[TASK TO CARRY OUT] When you reach the line with "Closure: Zip", transcribe it and each line after it through the last one below, exactly. Pictures stay out.

___ EXTRACTED DATA ___

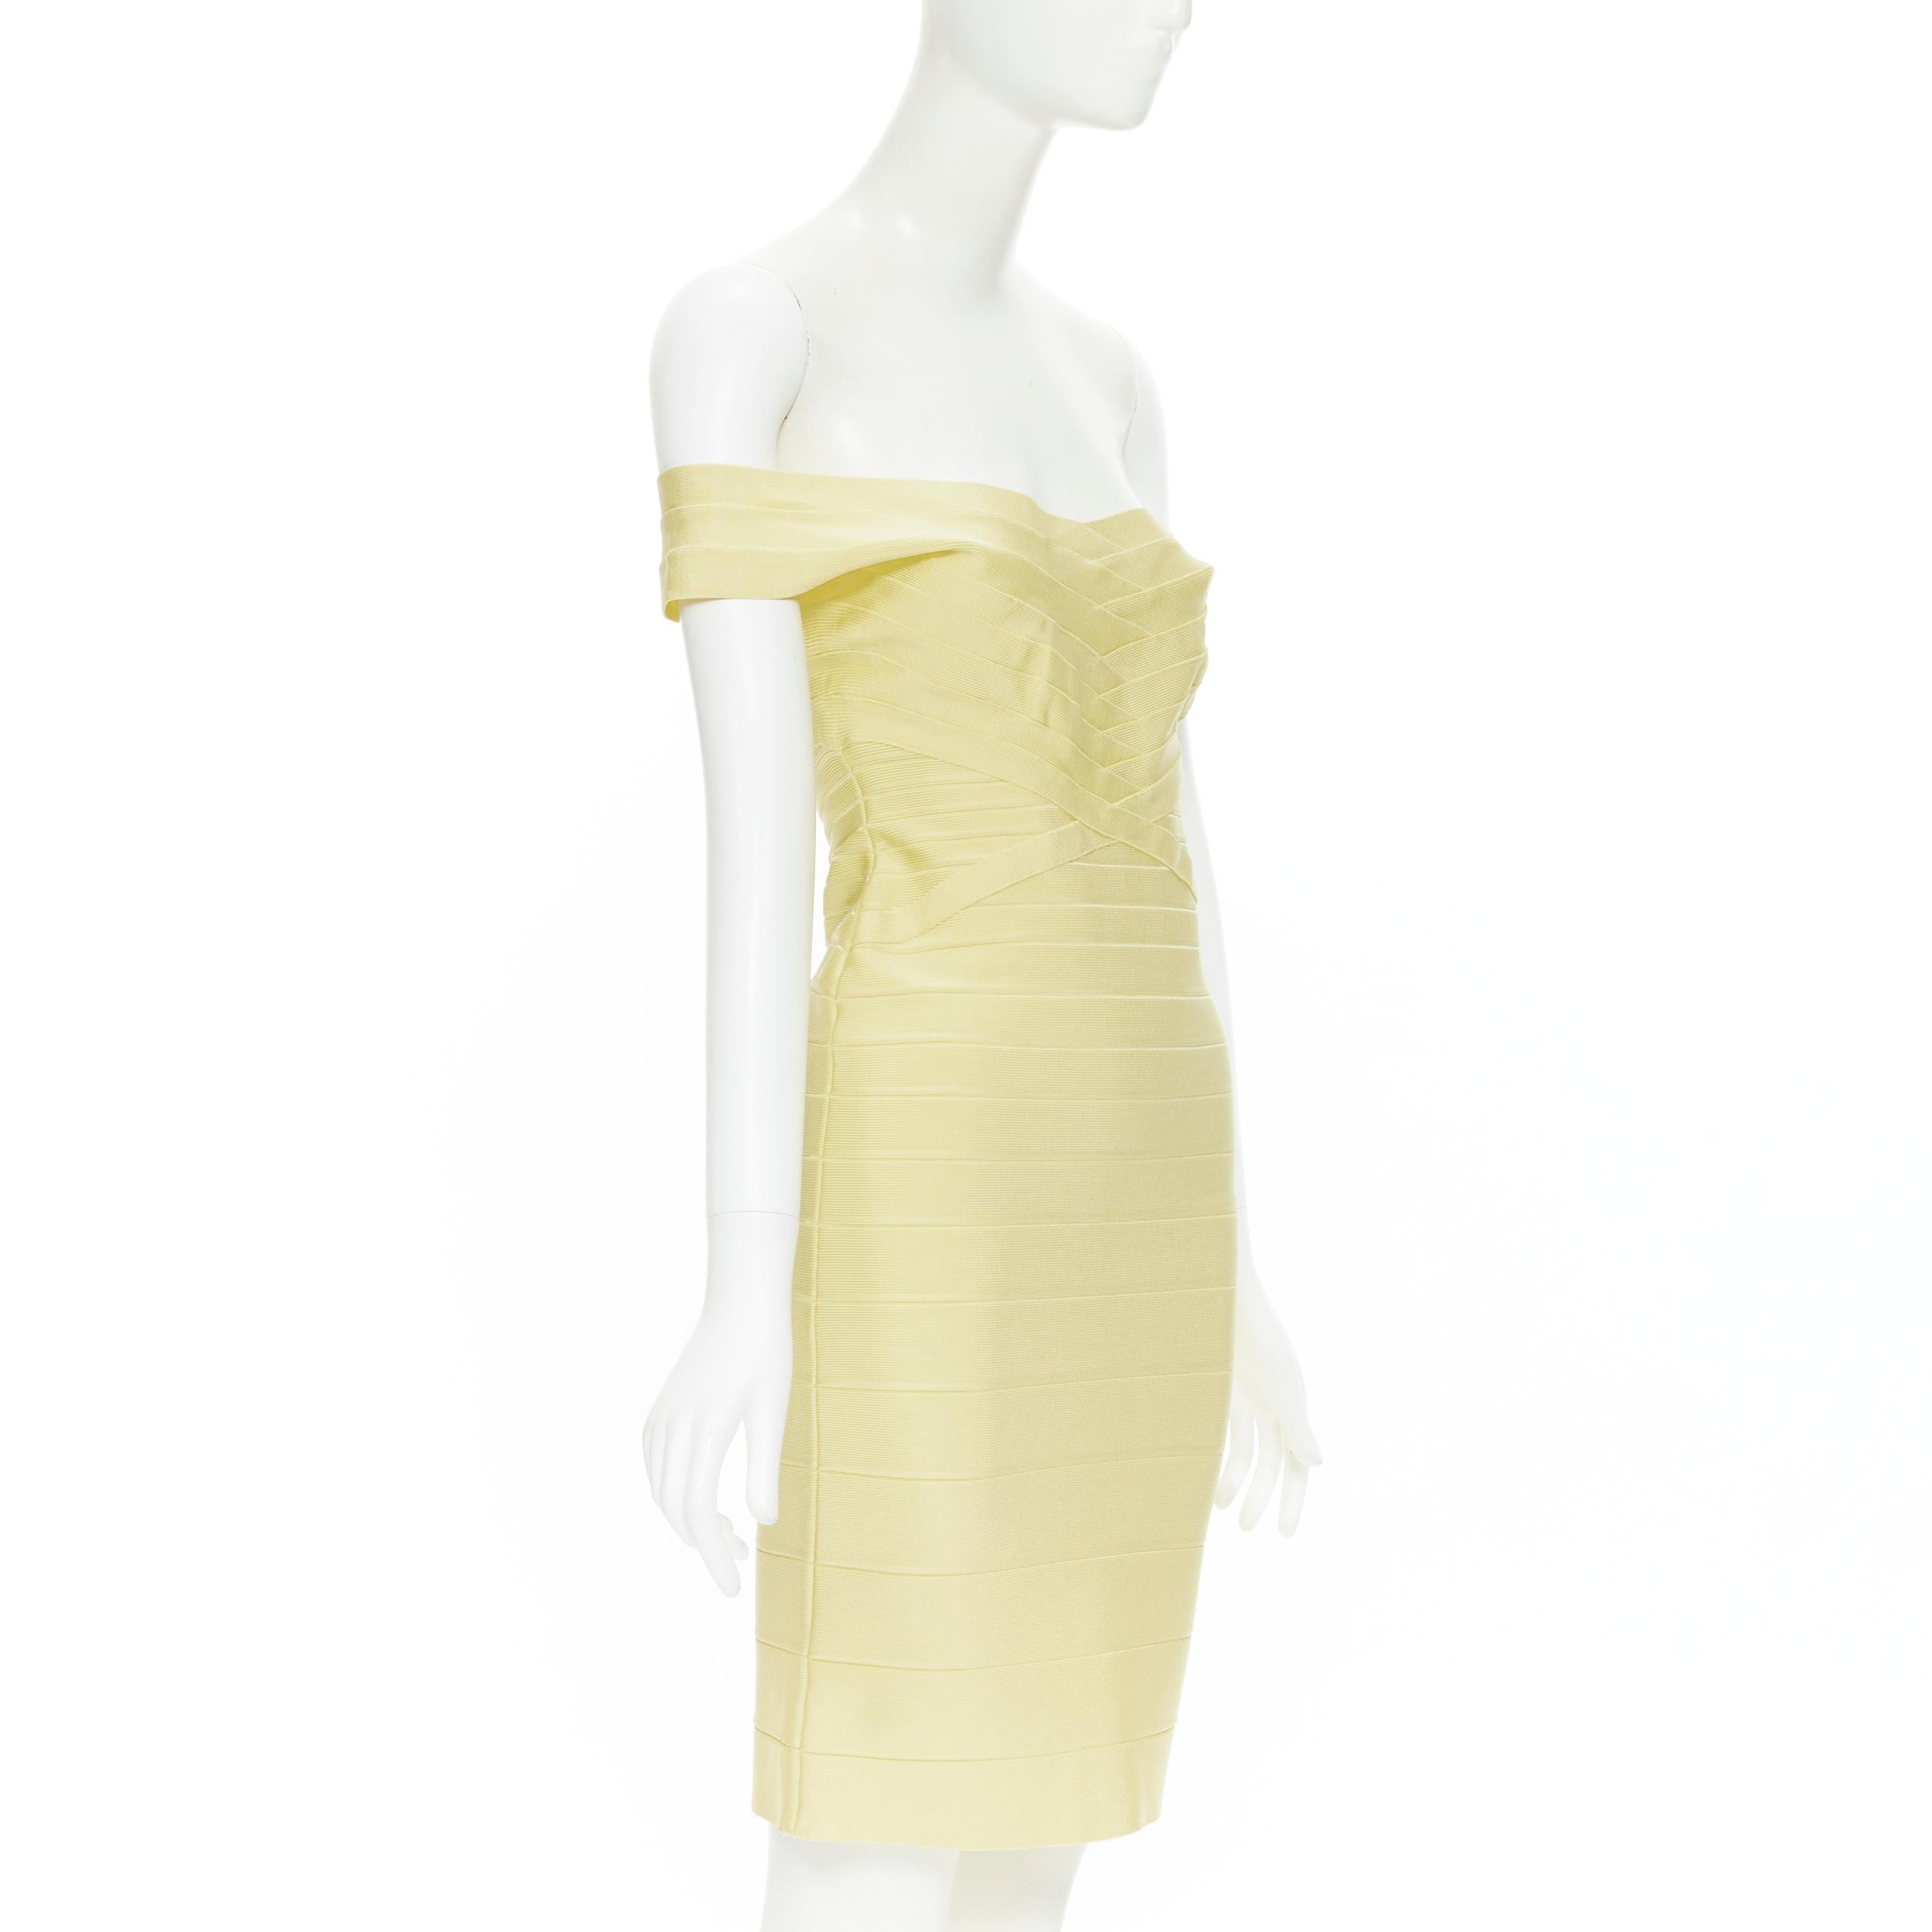 HERVE LEGER yellow off shoulder bodycon bandage fitted dress M 
Reference: CAKK/A00027 
Brand: Herve Leger 
Designer: Max Azria 
Color: Yellow 
Pattern: Solid 
Closure: Zip 
Extra Detail: Off shoulder straps. Zip back closure. Bandage dress. 
Made
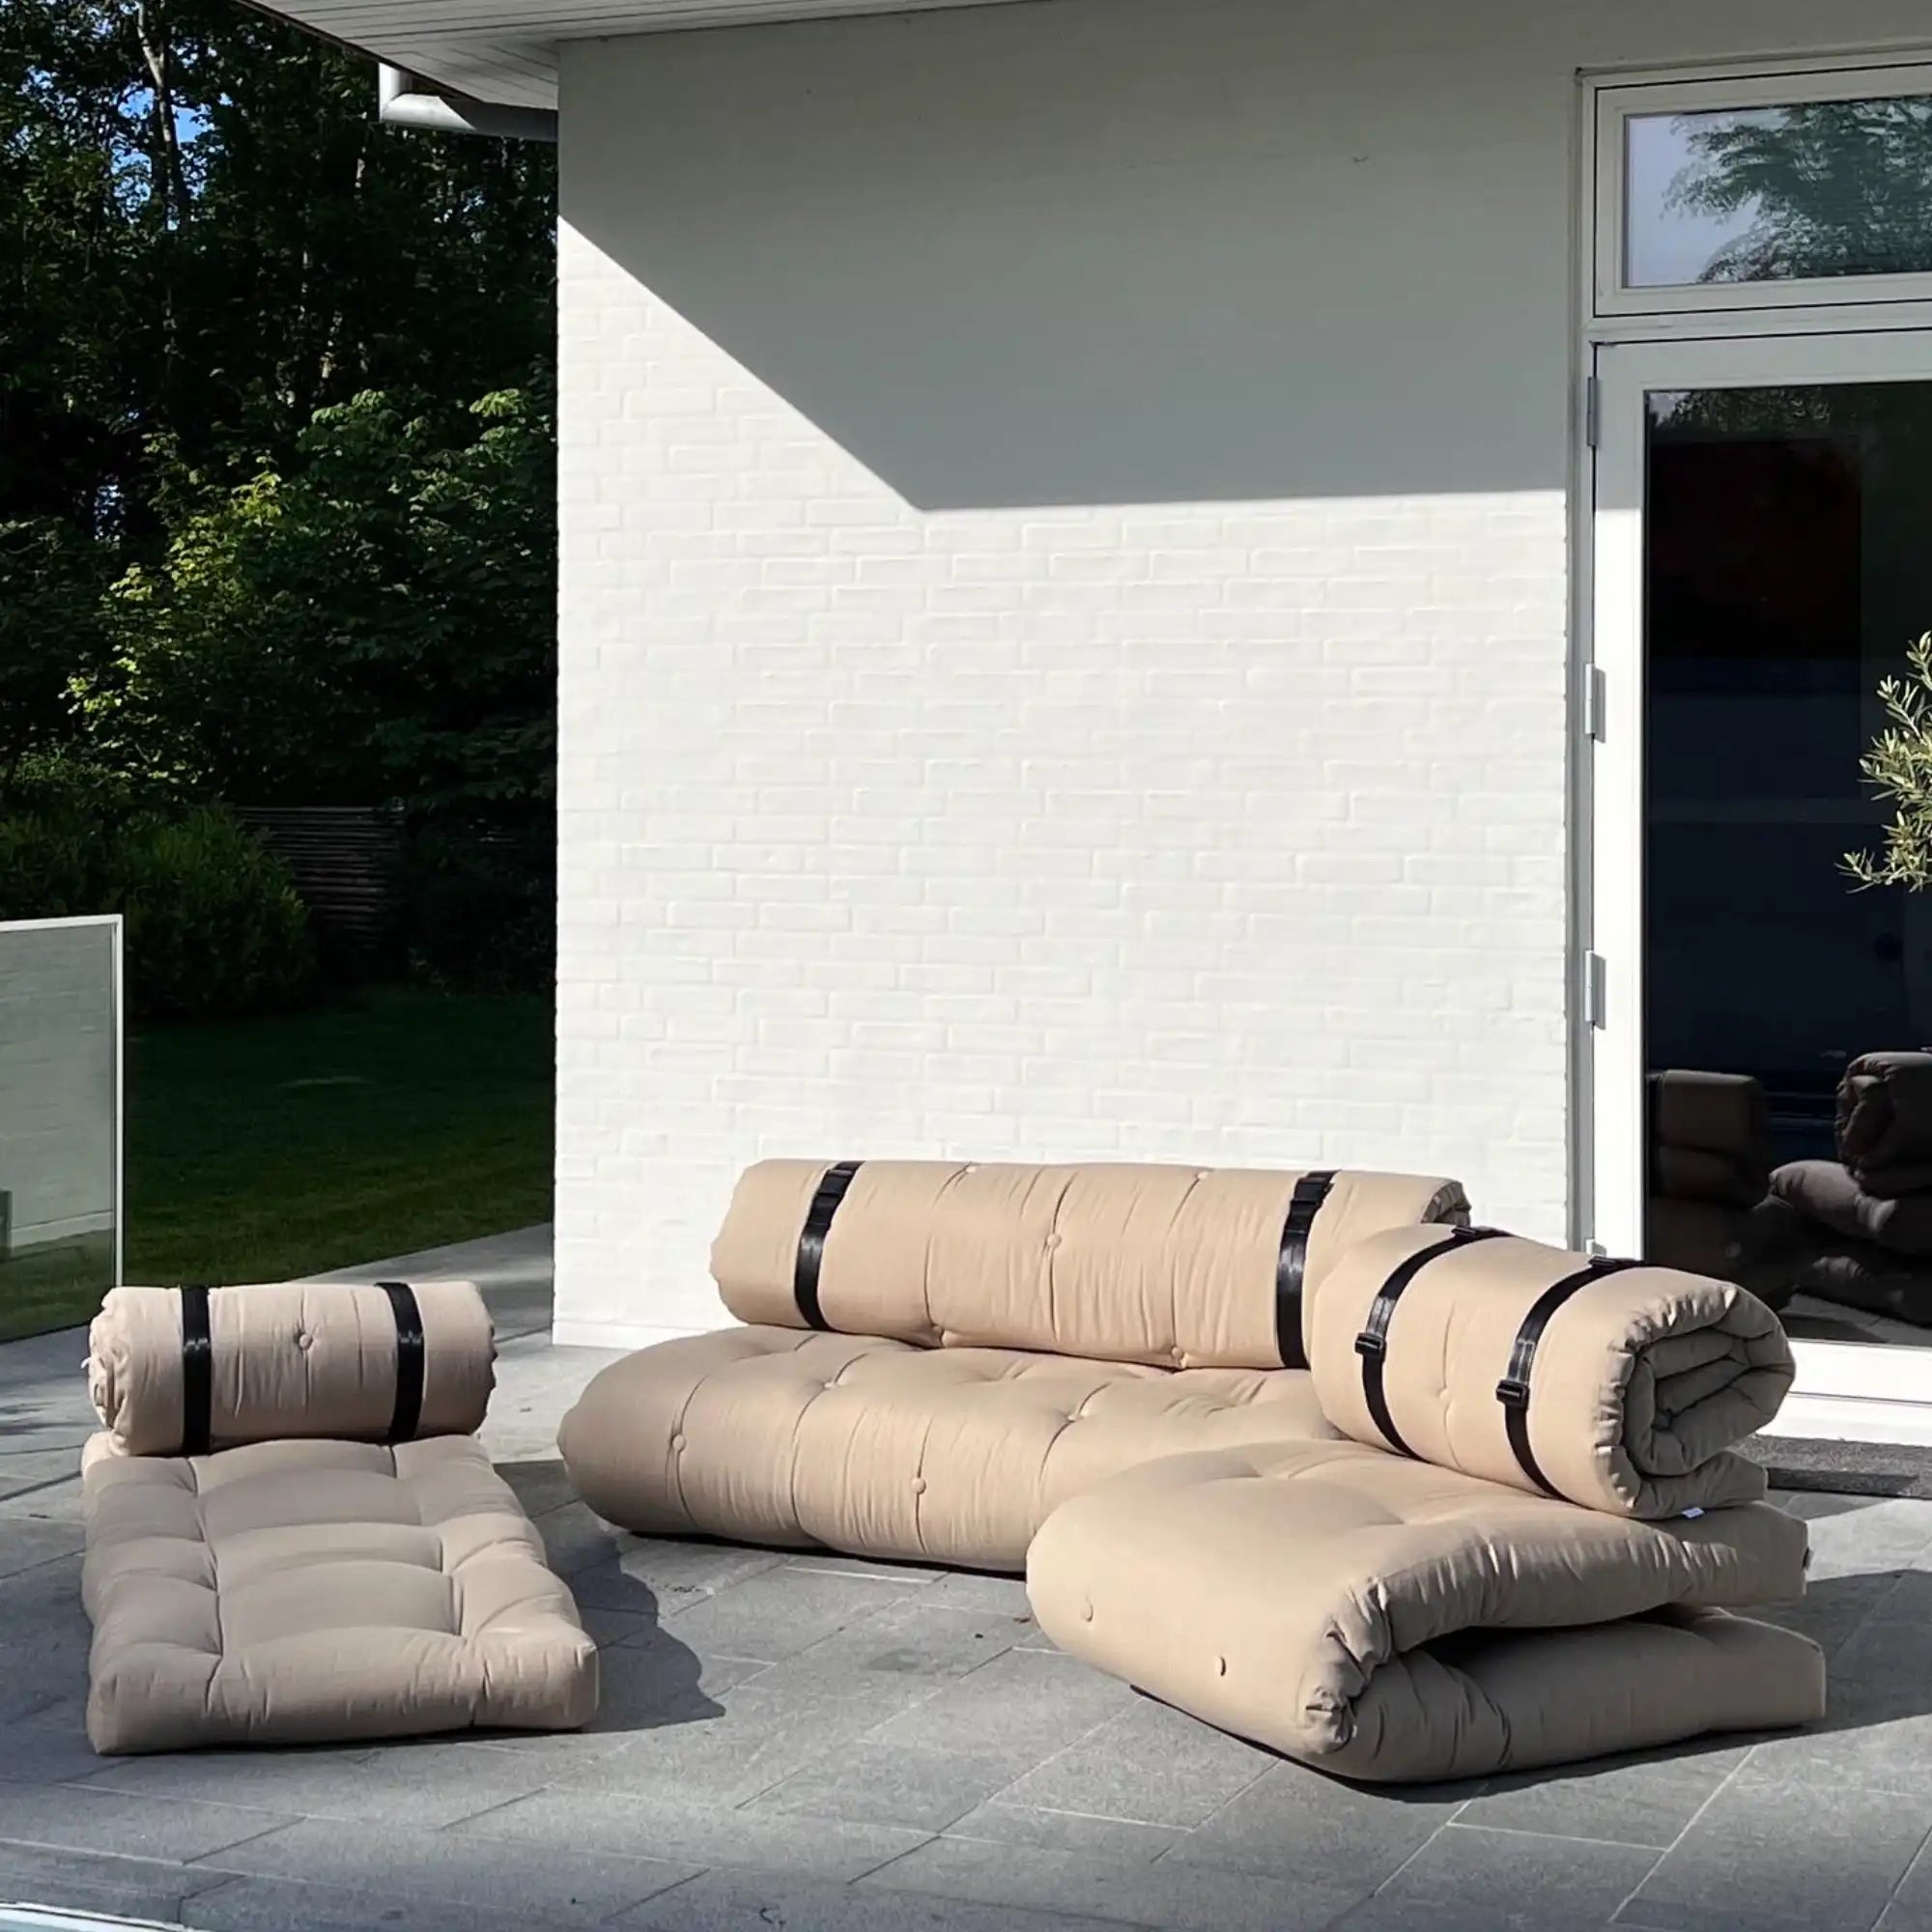 Outdoor Buckle-Up Sofa - THAT COOL LIVING

___

[EXPECTED OUTPUT]
Closure: Zip 
Extra Detail: Off shoulder straps. Zip back closure. Bandage dress. 
Made
 Outdoor Buckle-Up Sofa - THAT COOL LIVING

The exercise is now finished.